*INPUT DATA:*
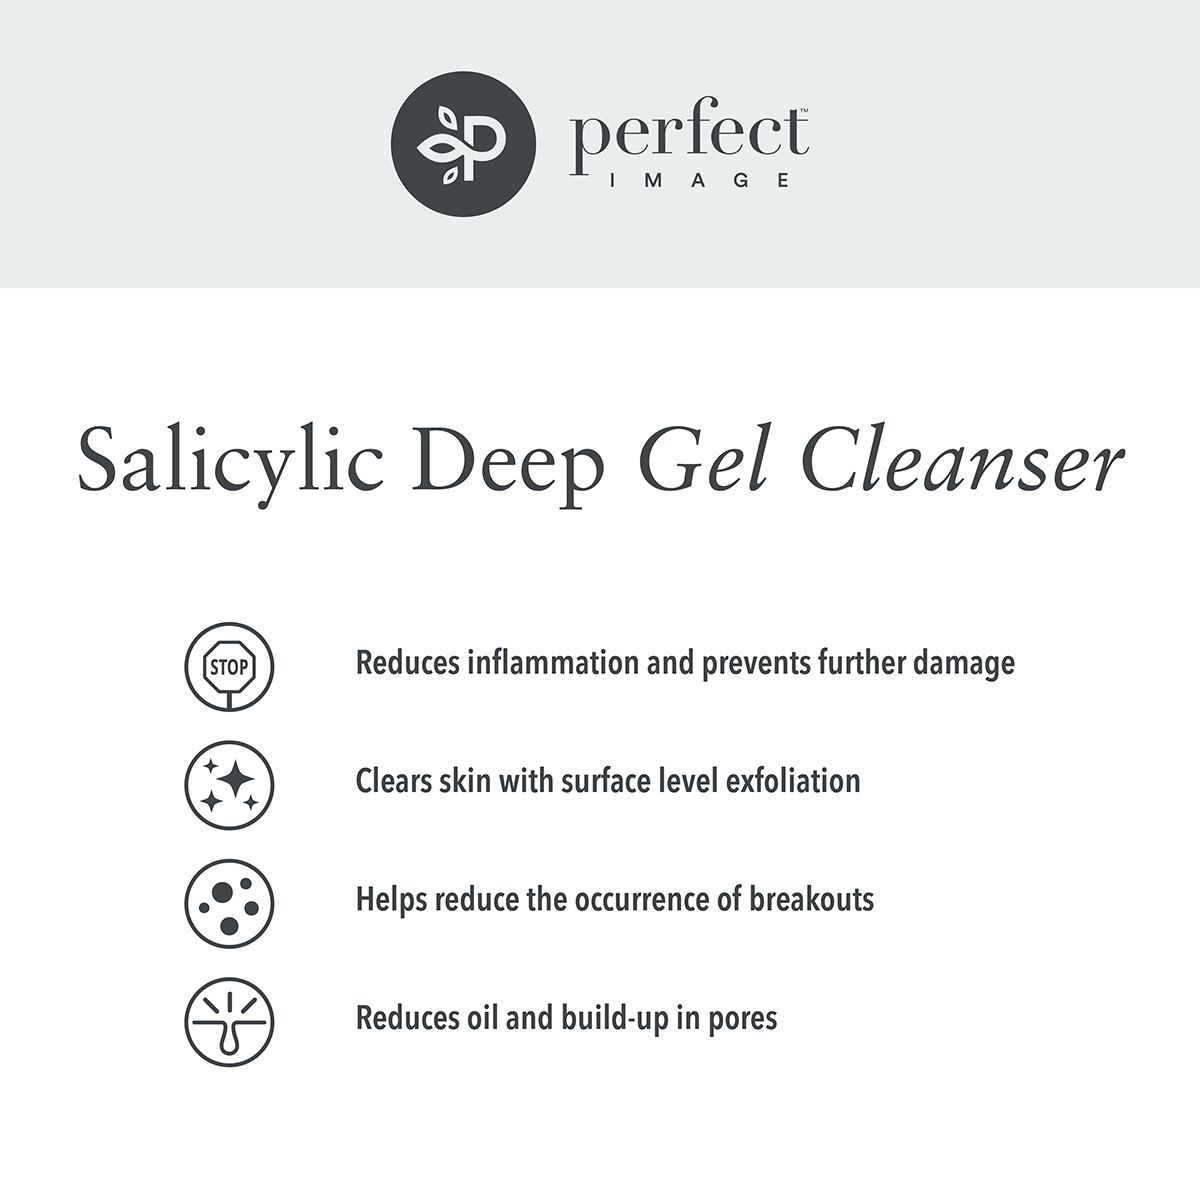 Salicylic Deep Gel Cleanser
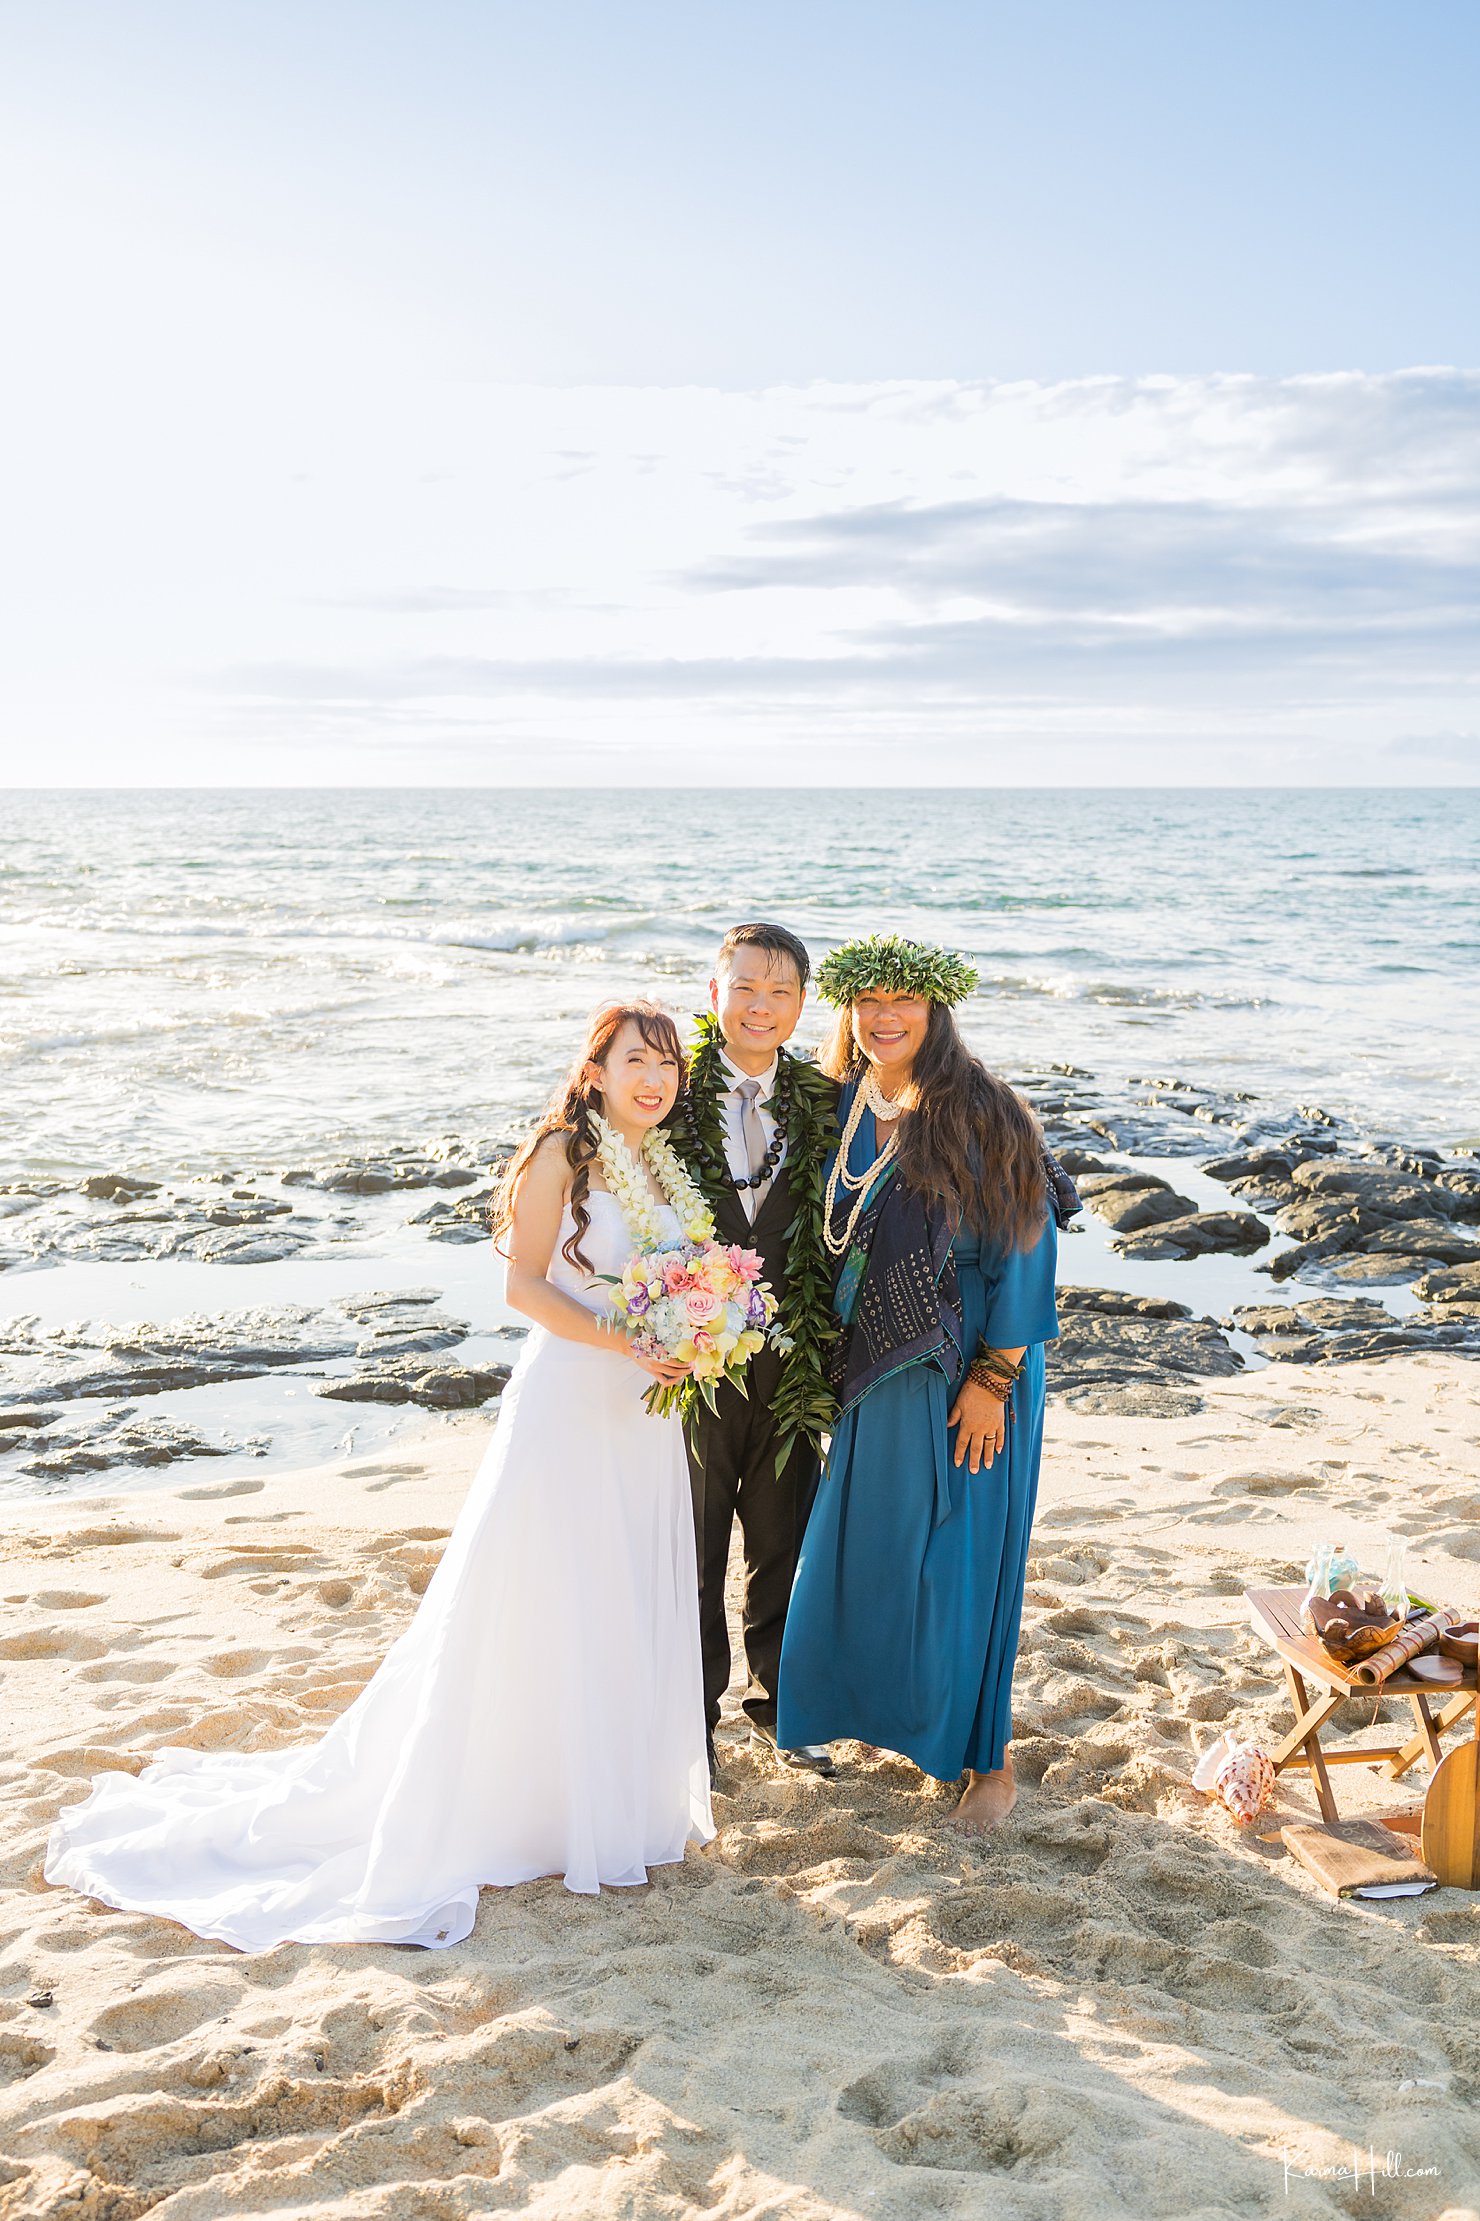 happy wedding in hawaii
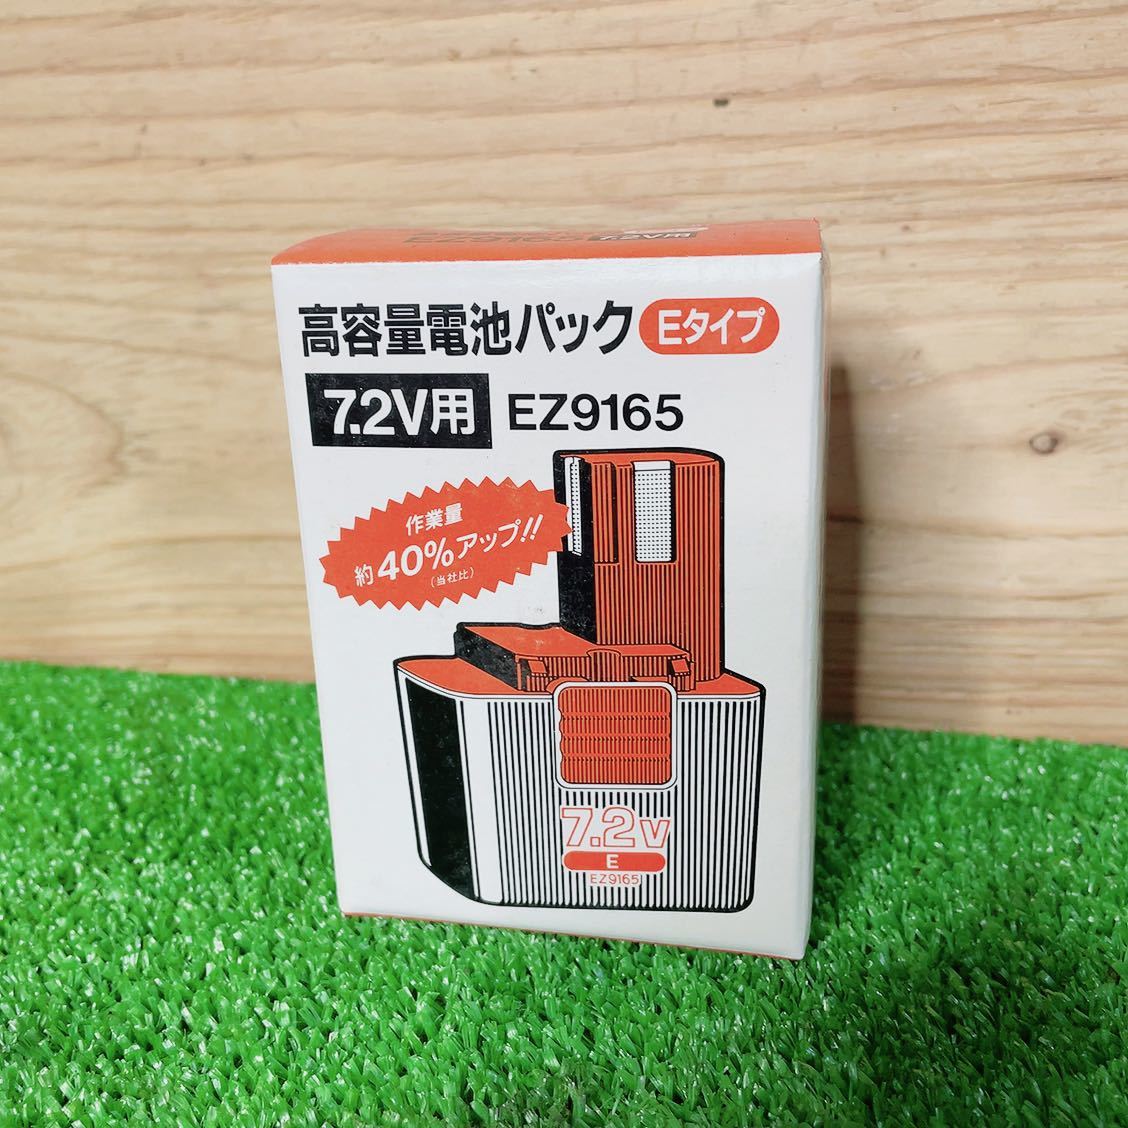 * не использовался *national National аккумулятор перезаряжаемая батарея EZ9165 7.2V No.1

*EXERCISE INSTRUCTIONS:* In copying the material, drop all pictures and keep everything else identical.

*RESULT FOR THIS EXERCISE:*
 Salicylic Deep Gel Cleanser
 happy wedding in hawaii
 * не использовался *national National аккумулятор перезаряжаемая батарея EZ9165 7.2V No.1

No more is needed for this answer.